**Dataset extract**:

Start of Block

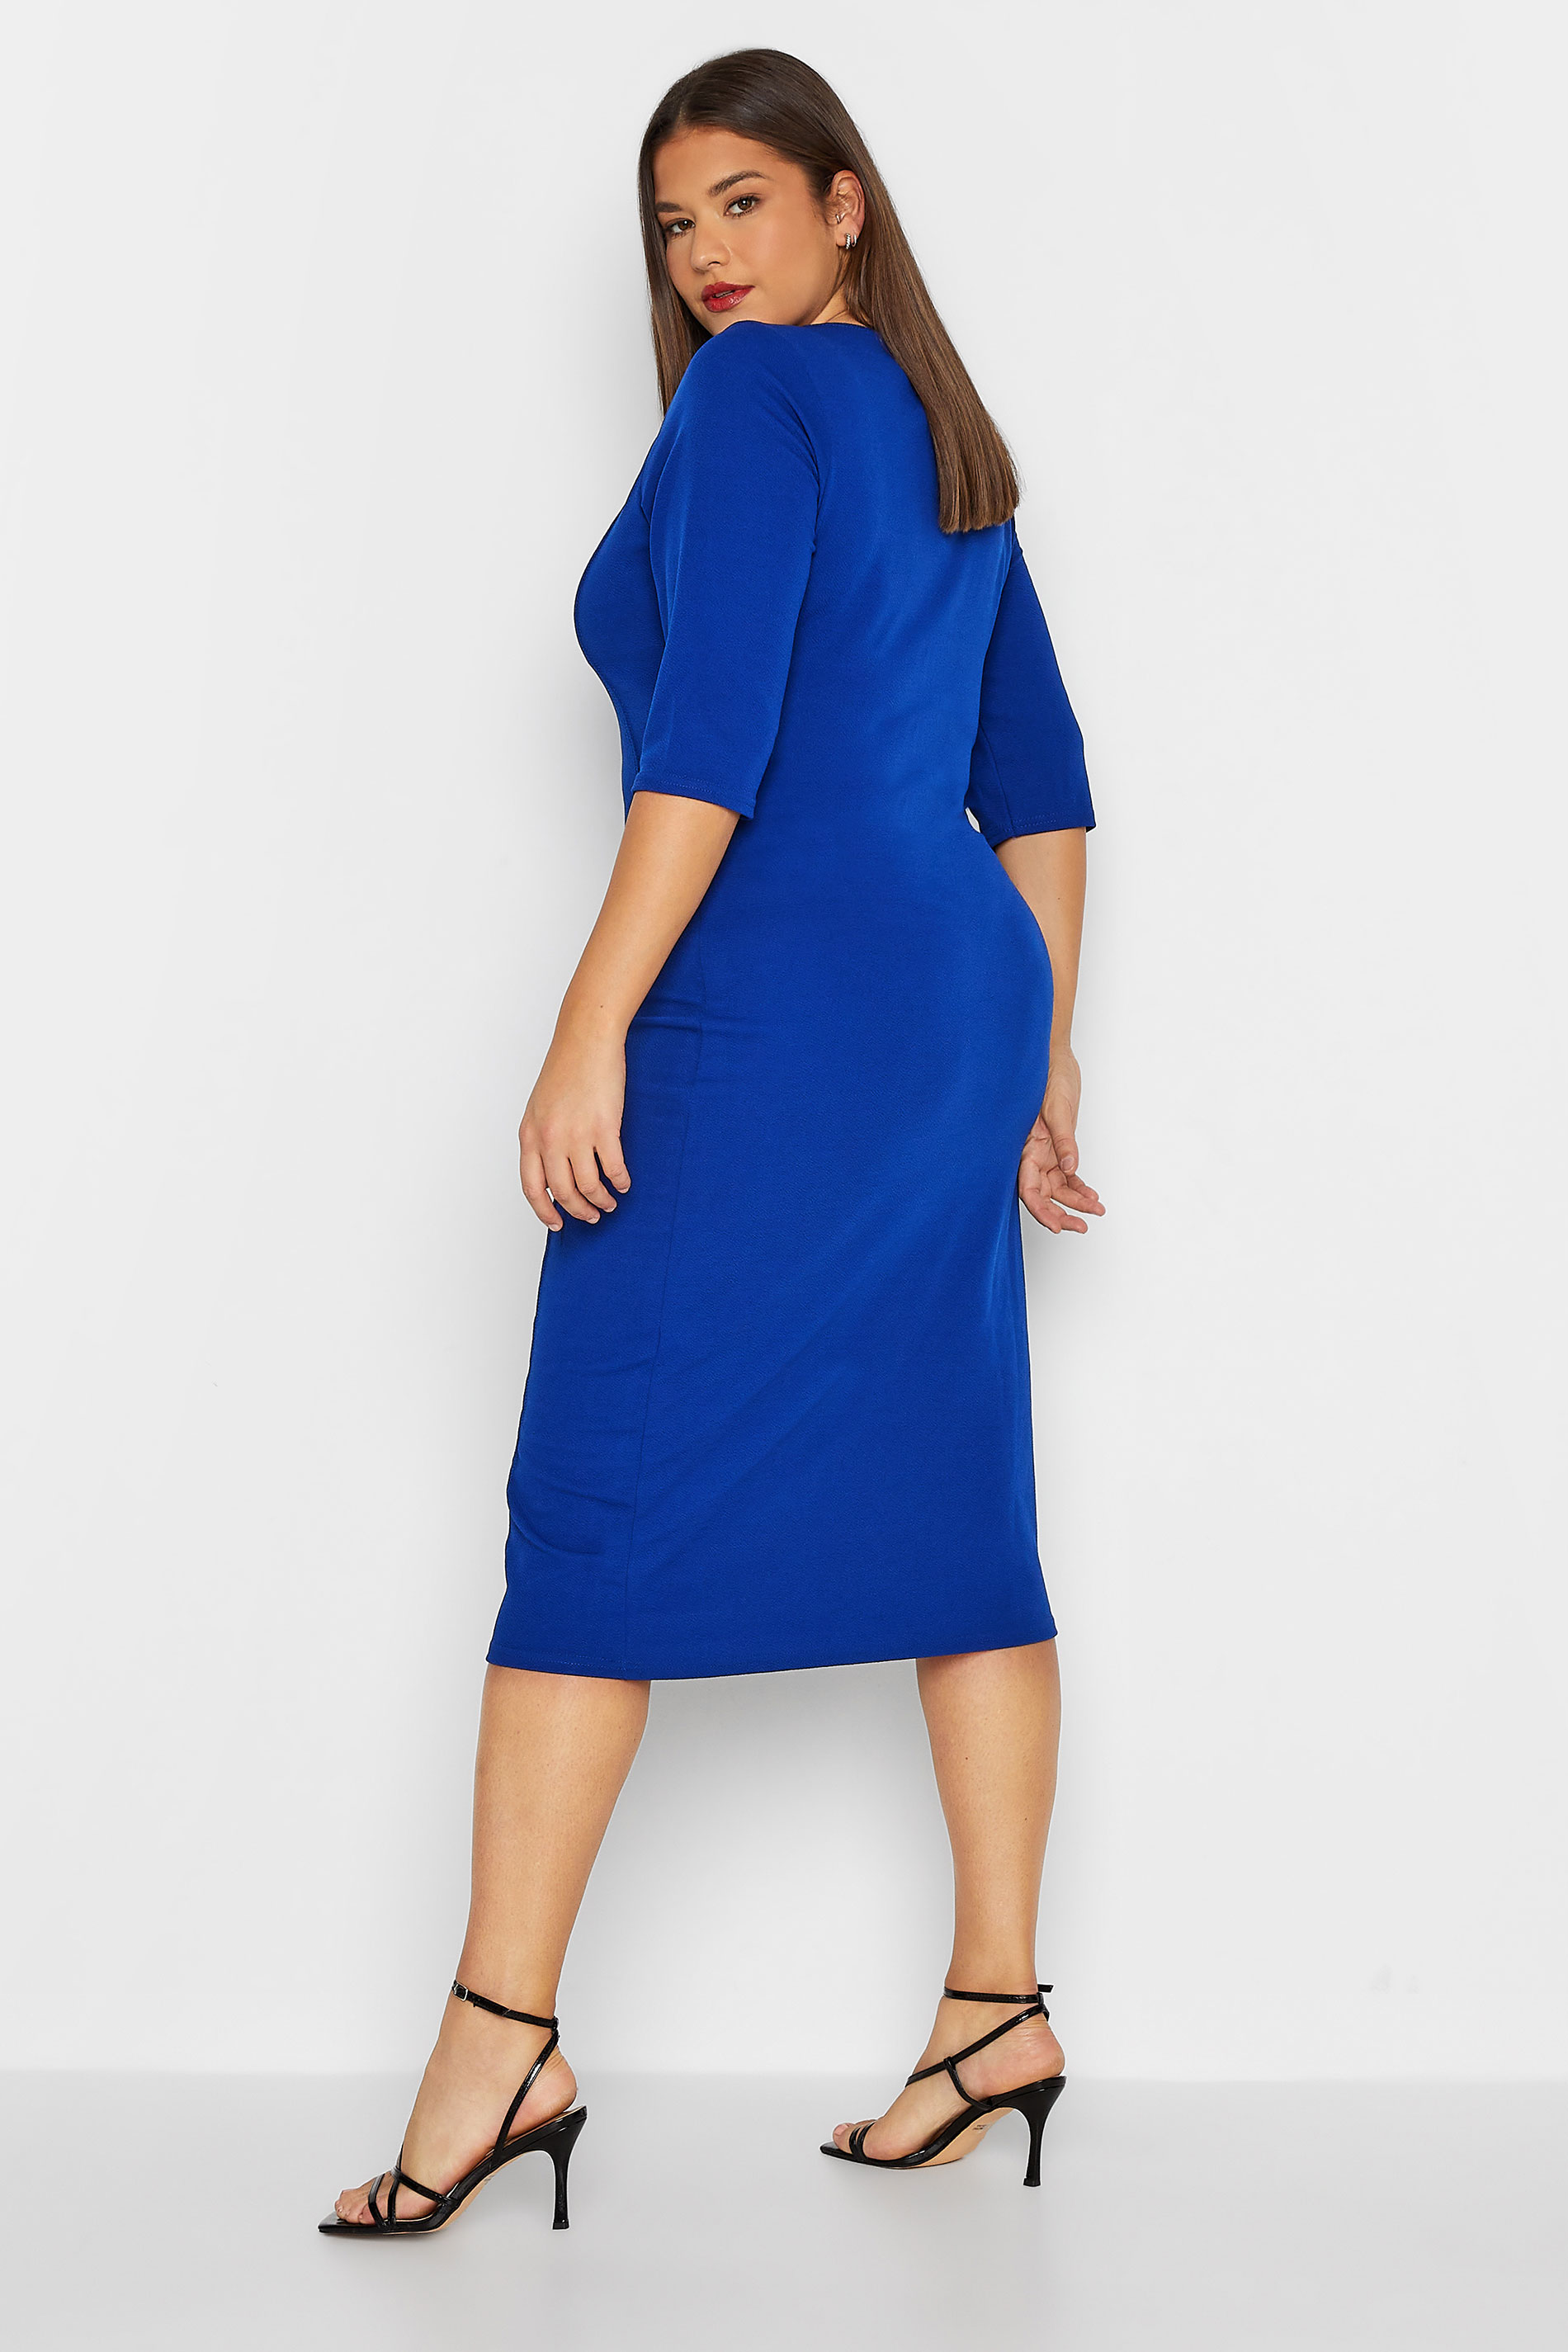 Tall Women's LTS Bright Cobalt Blue Notch Neck Midi Dress | Long Tall Sally 3
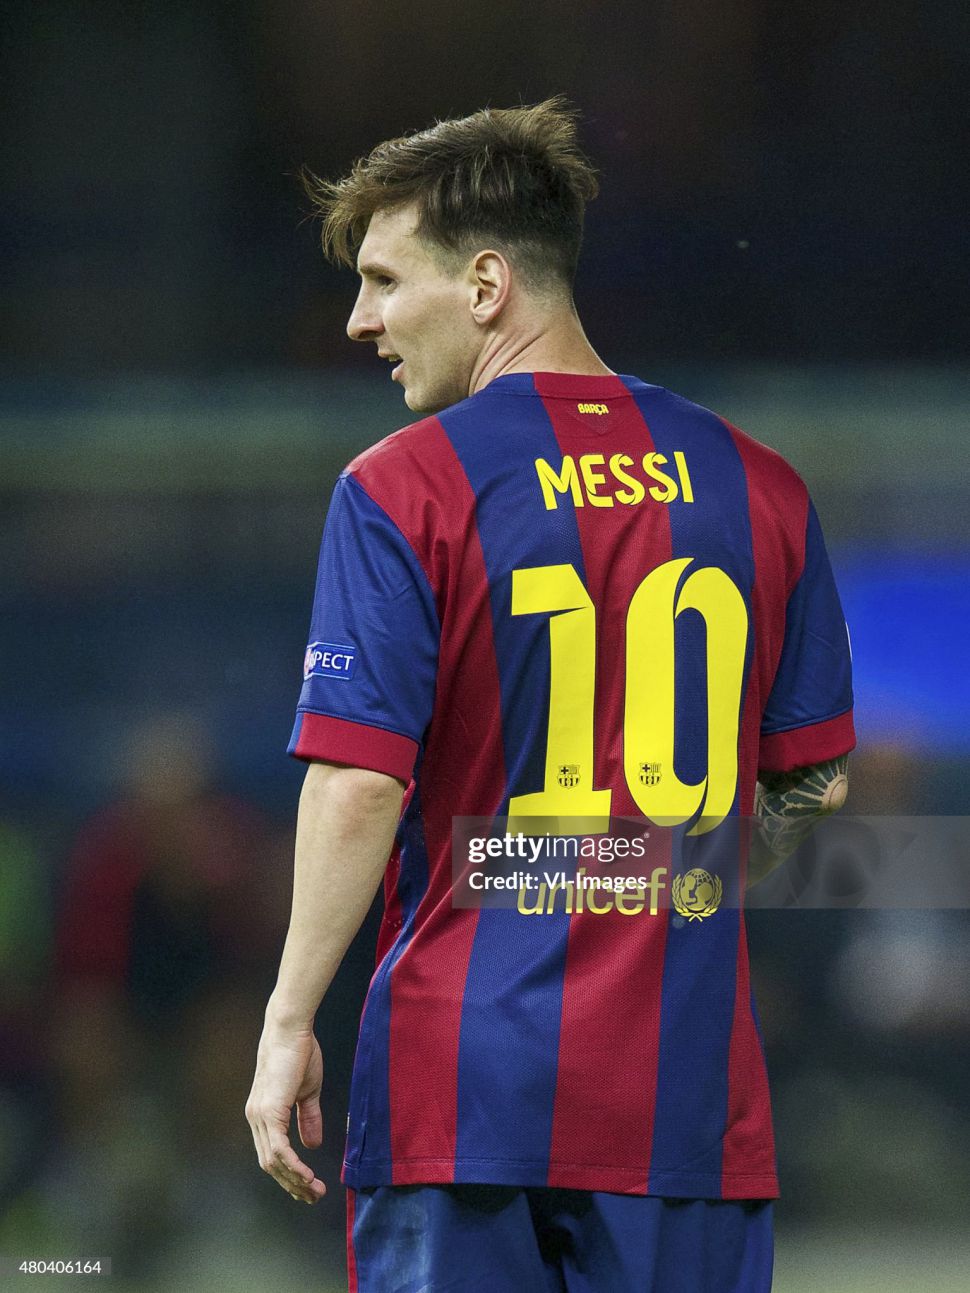 Font Messi 10 Barcelona 2014 2015 nameset home player official
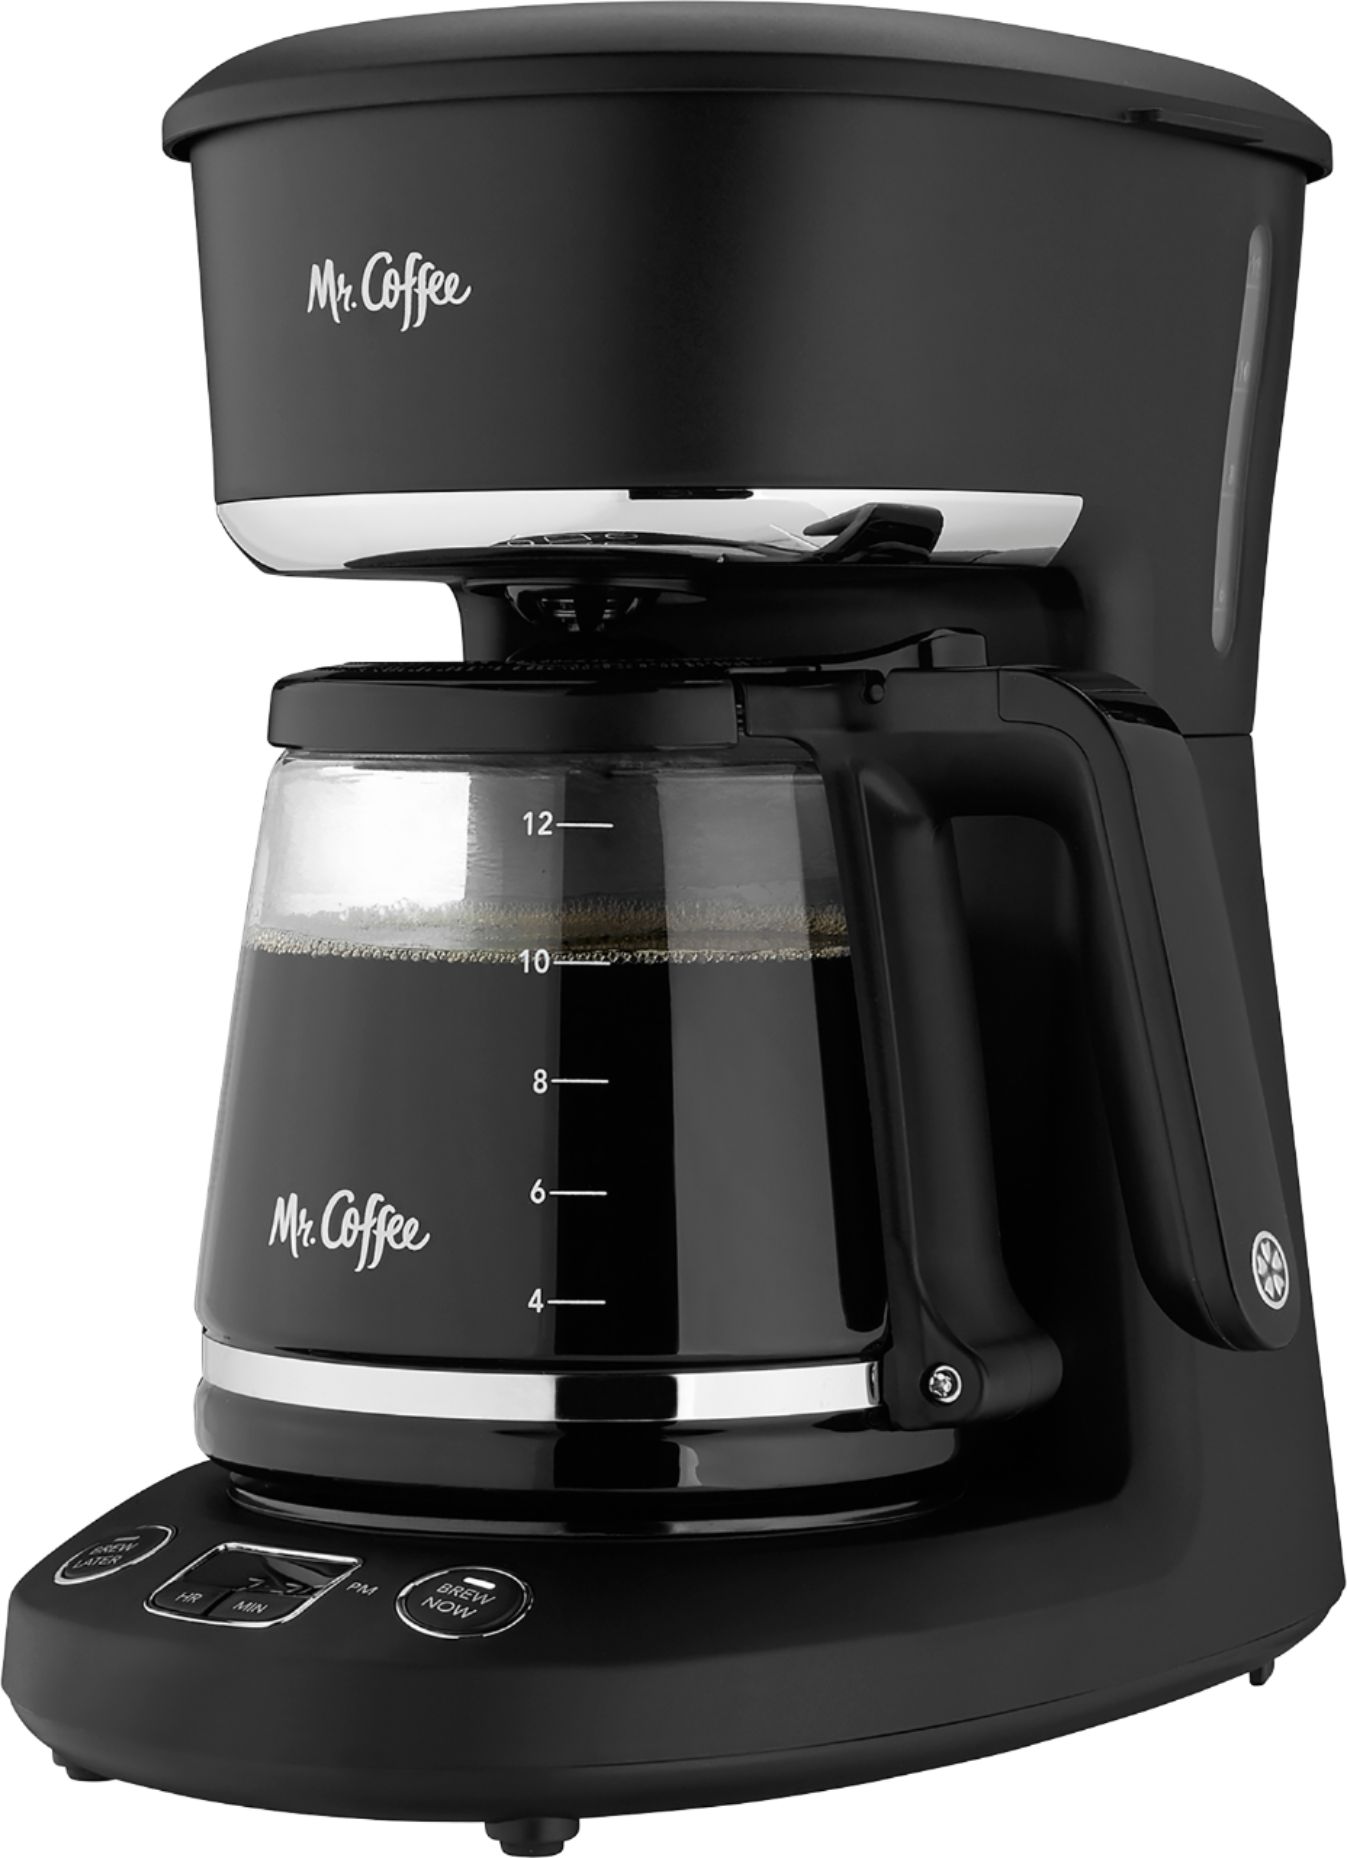 Mr. Coffee® Iced Coffee Maker - Black, 1 ct - Kroger

End of Block

**Work order**: The material is to be reproduced verbatim, and no picture may appear in the copy.

**Answer for the task**:
 Tall Women's LTS Bright Cobalt Blue Notch Neck Midi Dress | Long Tall Sally 3
 Font Messi 10 Barcelona 2014 2015 nameset home player official
 Mr. Coffee® Iced Coffee Maker - Black, 1 ct - Kroger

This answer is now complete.